Nevertheless Mount’s title was well-chosen. The family is indeed subversive. It is subversive because it is private. It stands obstinately for the private sphere, for closing the door against the State and its agents. By its very existence it proclaims that private life is more important than public life.
This is why totalitarian regimes have always been hostile to the family. Nazi Germany, Soviet Russia, Maoist and post-Mao China had this in common: they saw families and family values as threats to the authority of the State. All these totalitarian states encouraged, or even compelled, boys and girls to join youth movements where they were indoctrinated with the values of the State and even encouraged to spy on their parents and report any anti-State opinions or actions. China went so far as to require parents to have only one child. Whatever you think of the motive – a desire to curb population growth – you couldn‘t have a clearer example of the subjugation of the family to public policy.
We don’t of course live under a totalitarian regime. Nevertheless even in our liberal social-democratic Scotland, the State displays its distrust of the family and its eagerness to subject families to its authority. Naturally it insists on its own benevolence; it exercises control for our own good. But whatever the motive the autonomy of the family is curtailed.
Many think this desirable. They think it right that parents should now be forbidden from disciplining their children as children have been disciplined for generations.

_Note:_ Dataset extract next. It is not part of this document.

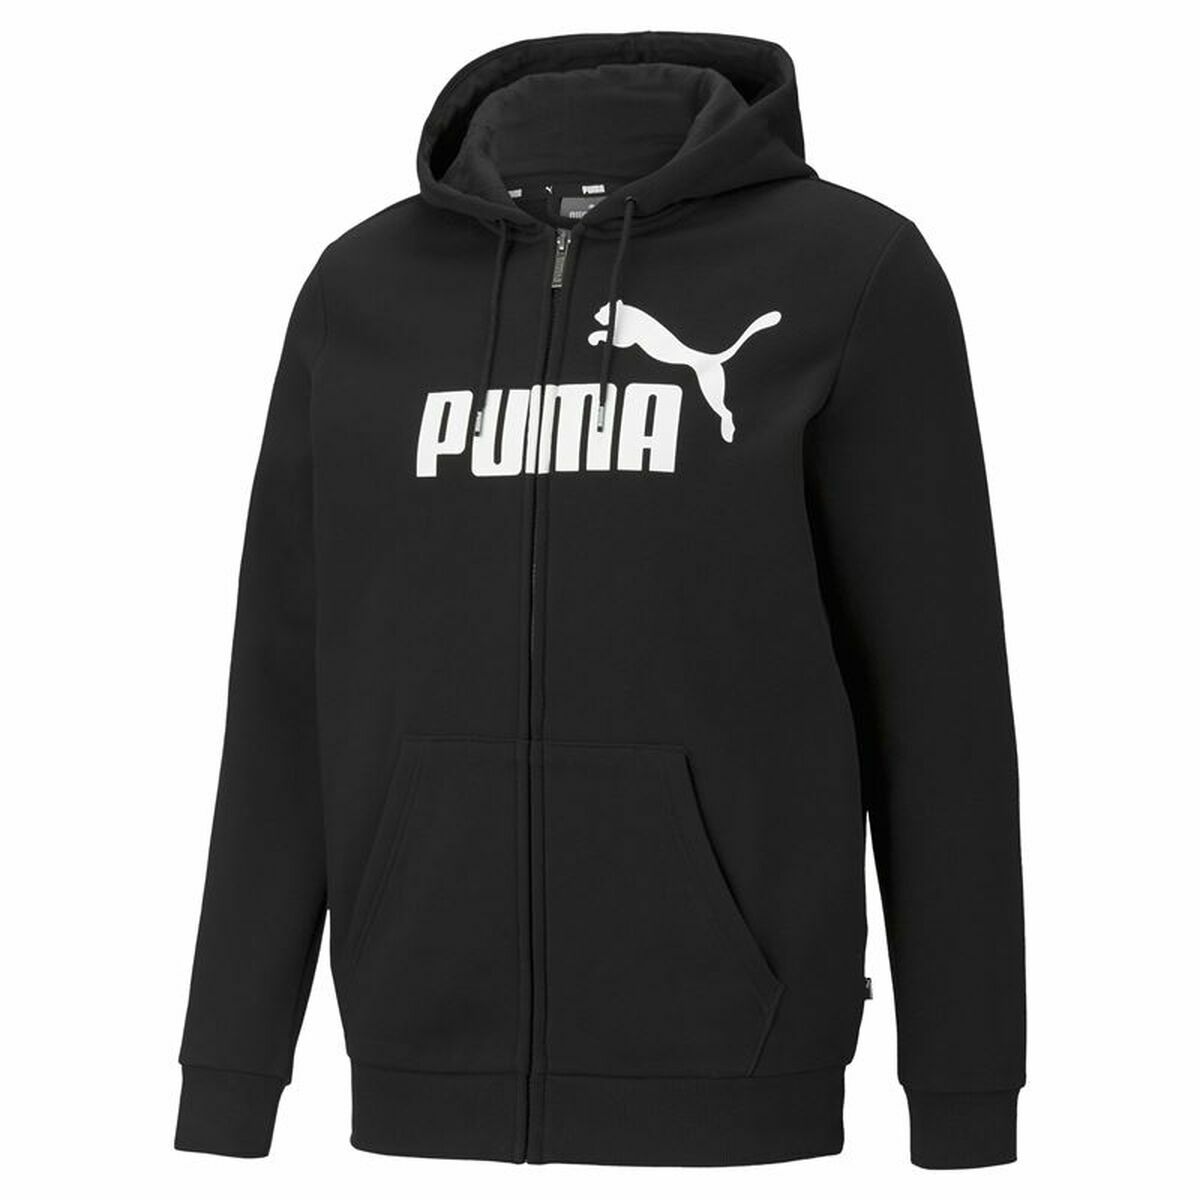 Kaufe Herren Sweater mit Kapuze Puma Essentials Big Logo Schwarz bei AWK Flagship um € 61.00

We may agree with this. We may say that smacking children – hitting children- is always wrong. But the significance is undeniable: the State is entitled to interfere as it likes , and as it thinks fit, in family life.
Few of us would deny that such interference is sometimes justified, often justified. We expect the agencies of the State to protect children from maltreatment and abuse, and we criticise them severely whenever they fail to do so.
Yet we are in danger of indulging in an exaggerated, even hysterical, response to such cases. The fact is that the vast majority of children are neither maltreated nor abused. The vast majority of parents are caring and loving, doing their best, whatever their own circumstances, to bring up their children well. And one can go further: the majority, even, I would suggest, the vast majority, succeed in doing so. There are many broken families – but even broken families, ones in which the parents have separated will more often than not find a means of creating a stable and loving home for their children.
The Scottish Government, however, in decreeing that every child should have a “named person” to act as a guardian, or protector of its interests and well-being, is in effect saying that parents cannot be trusted to care for their children. Many parents quite naturally find this offensive and insulting. They believe they are competent to care for their children and to decide what is in their best interests. More often than not, they will be right.
Withdrawal of trust such as this measure displays breeds further distrust. Parents will suffer from this; so will their children; and so also, one should add, will their teachers in school. Civil society operates best when people are trusted to behave well, or to try to behave well. It is corrupted when this trust is withdrawn, and this is precisely what the “named person” proposal does or threatens to do. It corrupts what is a natural relationship. Furthermore, and equally offensively, it implies that the State regards children as its property.
There are other reasons why this proposal is deplorable. The State and other public agencies have scarcely an unblemished record with regard to child care. Children have been abused in council-run children’s homes, and many children “in care” have suffered from a lack of the affection which they need and which the word “care” implies.
Yet the main objection to the proposal is philosophical. It tilts the balance in favour of the public sphere and the authority of the State. It invades the private sphere, opening the door of every home to the agents of the State. Expressing distrust of the family, it weakens the family, and will breed further distrust. It is a thoroughly deplorable measure – adopted of course for apparently benevolent reasons. It will require all the naturally subversive nature of the family to resist it.